Florida District Courts of Appeal, 2011

Flowers v. State

Flowers v. State
Florida District Courts of Appeal · Decided February 16, 2011 · Ciklin, Hazouri, Stevenson
54 So. 3d 1049; 2011 Fla. App. LEXIS 1921; 2011 WL 520545 (Southern Reporter, Third Series)

Flowers v. State

Opinion of the Court

PER CURIAM.

We affirm the trial court’s denial of appellant’s sixth motion for postconviction relief which argued that the decision in Arizona v. Gant, — U.S. -, 129 S.Ct. 1710, 173 L.Ed.2d 485 (2009), applies retroactively to his 1997 conviction. See Fla. R.Crim. P. 3.850(b)(2). This conviction became final when this court affirmed the judgment and sentence in 1998. Flowers v. State, 717 So.2d 1031 (Fla. 4th DCA 1998) (Table).
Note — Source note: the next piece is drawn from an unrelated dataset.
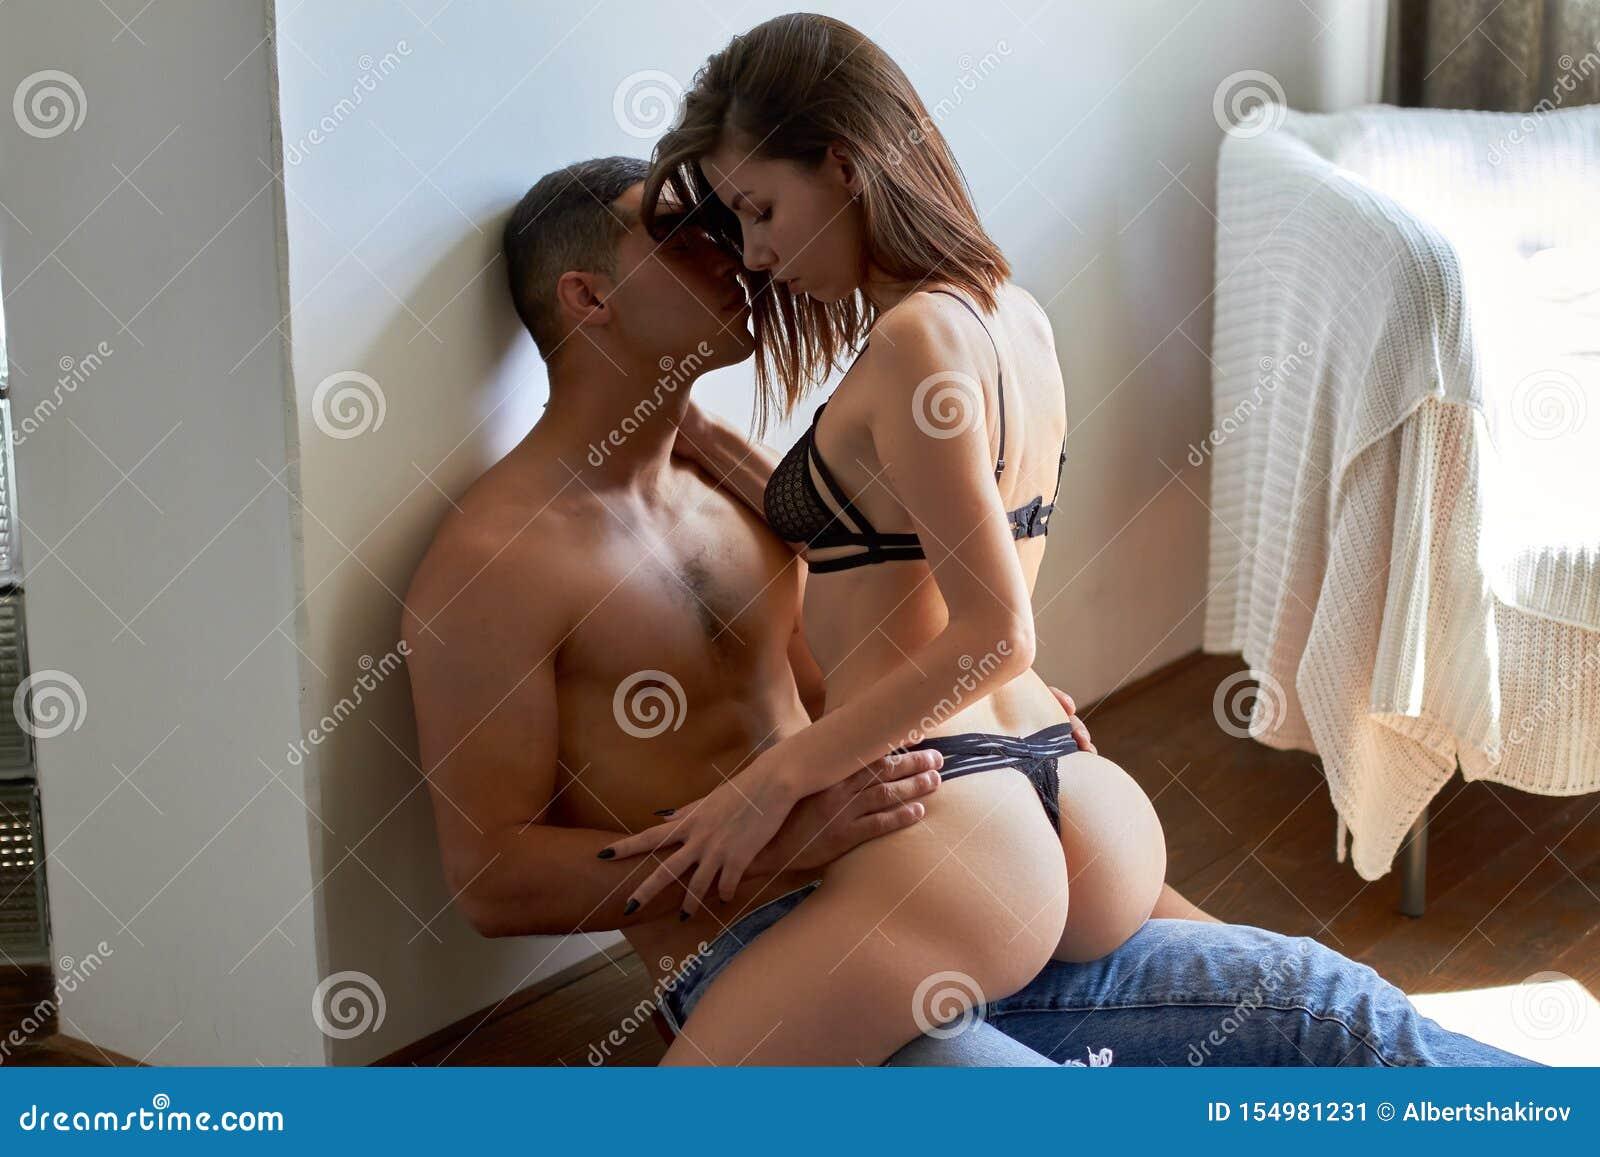 Having Sex Against Wall
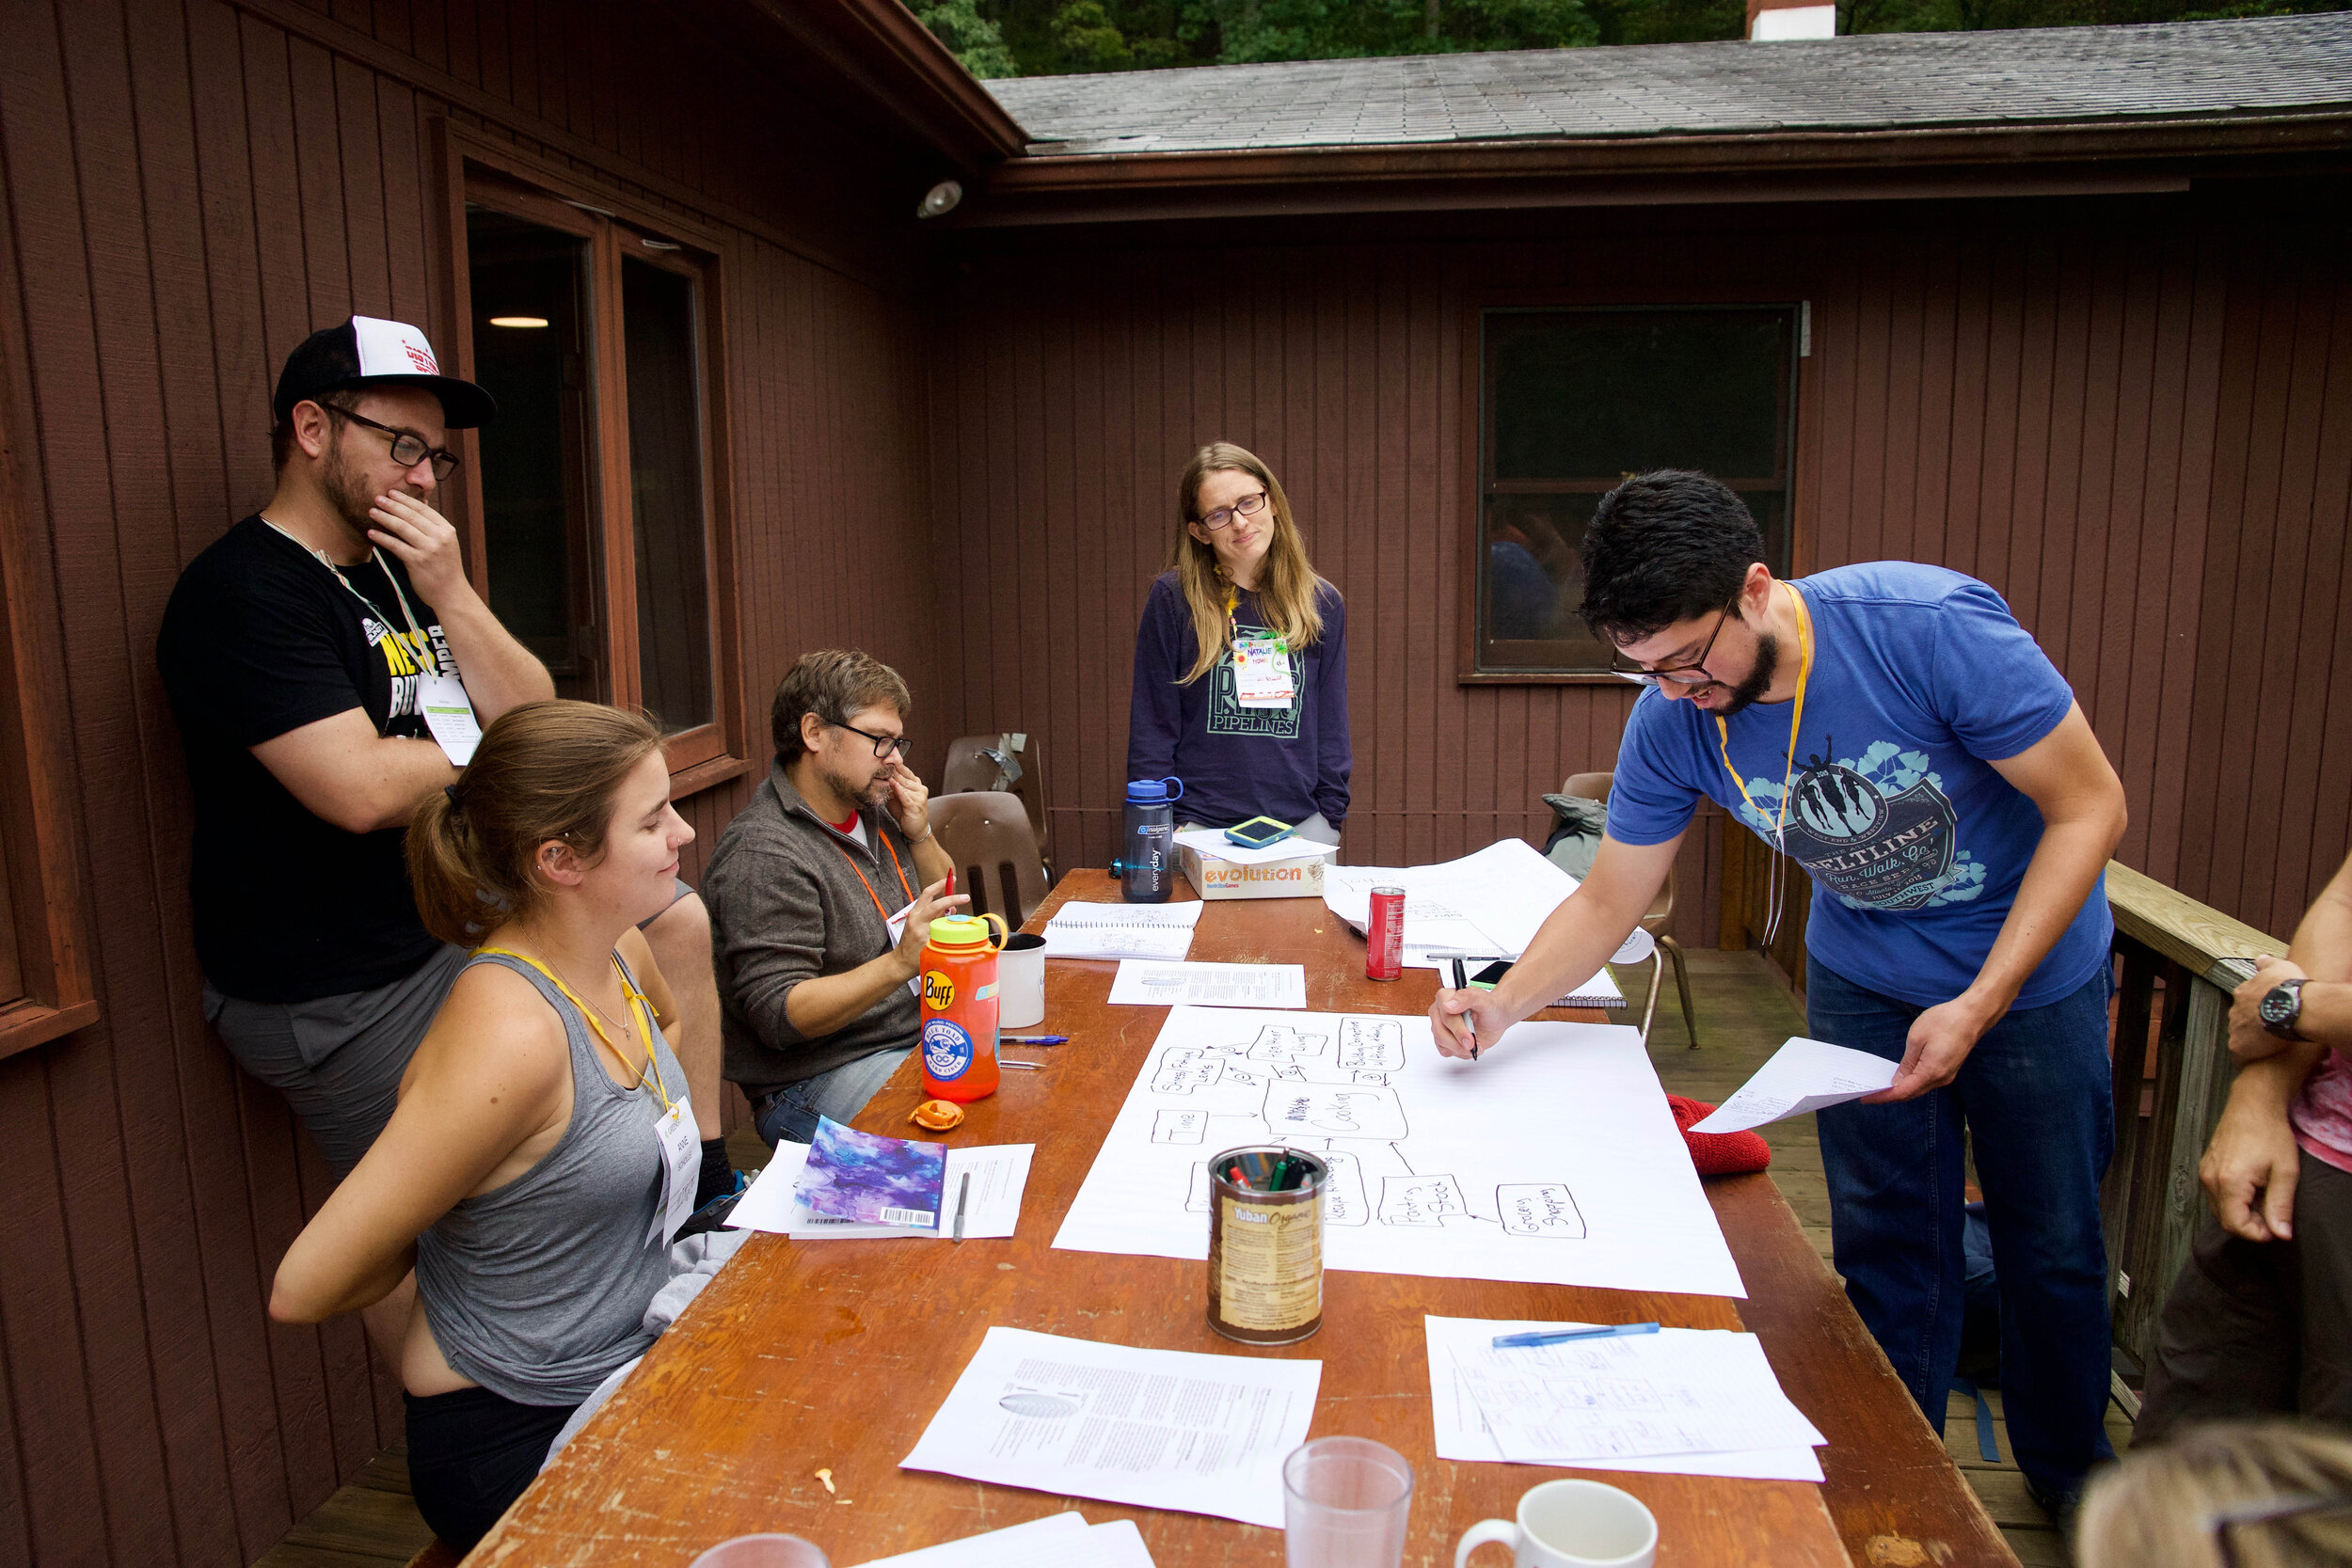 Leading an unconference workshop

Applying the retroactivity analysis of Witt v. State, 387 So.2d 922 (Fla. 1980), we hold that the decision in Gant is an evolutionary refinement in Fourth Amendment law and not a development of fundamental significance, a major constitutional change, or jurisprudential upheaval that requires retroactive application to cases on collateral review. See, e.g., Hughes v. State, 901 So.2d 837 (Fla. 2005); Johnson v. State, 904 So.2d 400 (Fla. 2005); Chandler v. Crosby, 916 So.2d 728 (Fla. 2005); State v. Barnum, 921 So.2d 513 (Fla. 2005).

Additionally, we note that, under the facts of this case, Gant would not have compelled a different result on appellant’s 1997 motion to suppress.

Affirmed.

STEVENSON, HAZOURI and CIKLIN, JJ., concur.